Women who adopt certain eating patterns are far more likely to reach age 70 with their good health intact, according to a recent study, conducted by scientists from Brigham and Women’s Hospital and Harvard.
Researchers analyzed the dietary habits and health of over 10,000 women enrolled in the Nurses’ Health Study, a long-term epidemiological study on women’s health. Those who adhered to a Mediterranean-style diet were 40 percent more likely to turn 70 with fewer incidences of physical disability, cognitive decline and chronic disease (i.e. Parkinson’s, Type 2 diabetes, and cancer).
“Better diet quality at midlife seems to be strongly linked to greater health and well-being in persons surviving to older ages,” study authors note.

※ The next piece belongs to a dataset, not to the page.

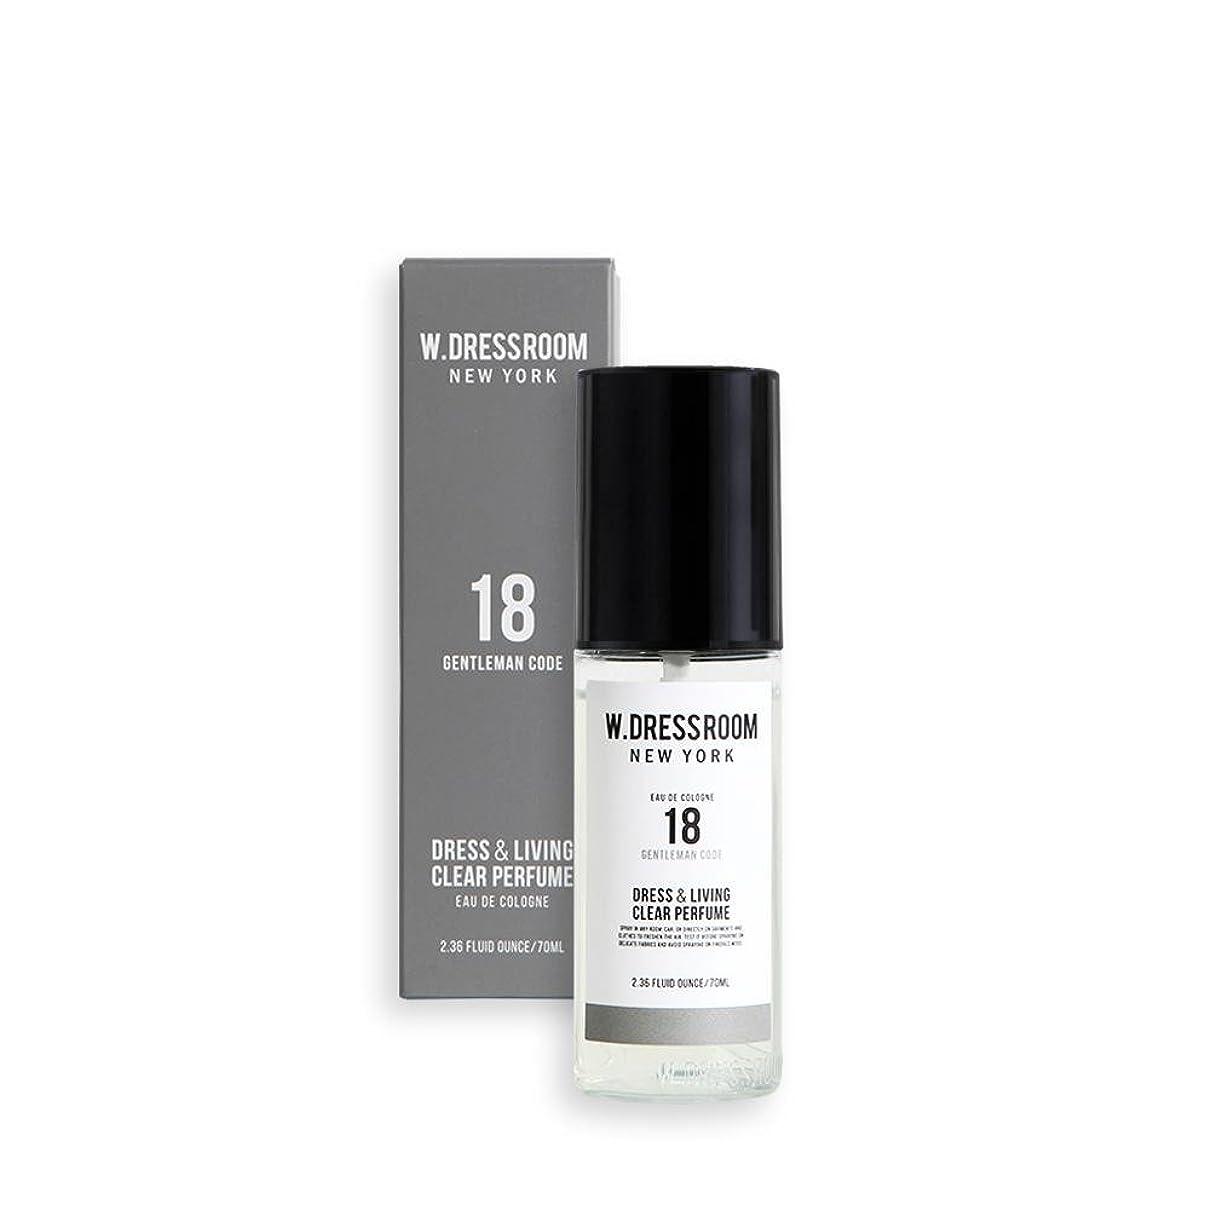 結び目ビクタースカウトW.DRESSROOM Dress & Living Clear Perfume fragrance 70ml (#No.18 Gentleman Code)/ダブルドレスルーム ドレス&リビング クリア パフューム 70ml (#No.18 Gentleman Code)

The connection between dietary habits and overall health is well-established. The Mediterranean diet in particular has been linked with a host of potential positives—from guarding against certain cancers to possibly providing protection against Alzheimer’s disease.
But research into whether the diet promotes healthy aging hasn’t been investigated on this large of a scale before.
The women in the study didn’t stick to a strict interpretation of the Mediterranean diet; rather, they regularly practiced certain nutritional principles:
Gorge on greens: Organic fruits and vegetables are staples of any healthy eating plan. Broccoli, spinach and kale are nutritional powerhouses, offering an array of disease-fighting vitamins and nutrients. Bananas, apples and berries are touted as some of the top players in the fruit category. Avocado is versatile and offers a good dose of heart-healthy fat.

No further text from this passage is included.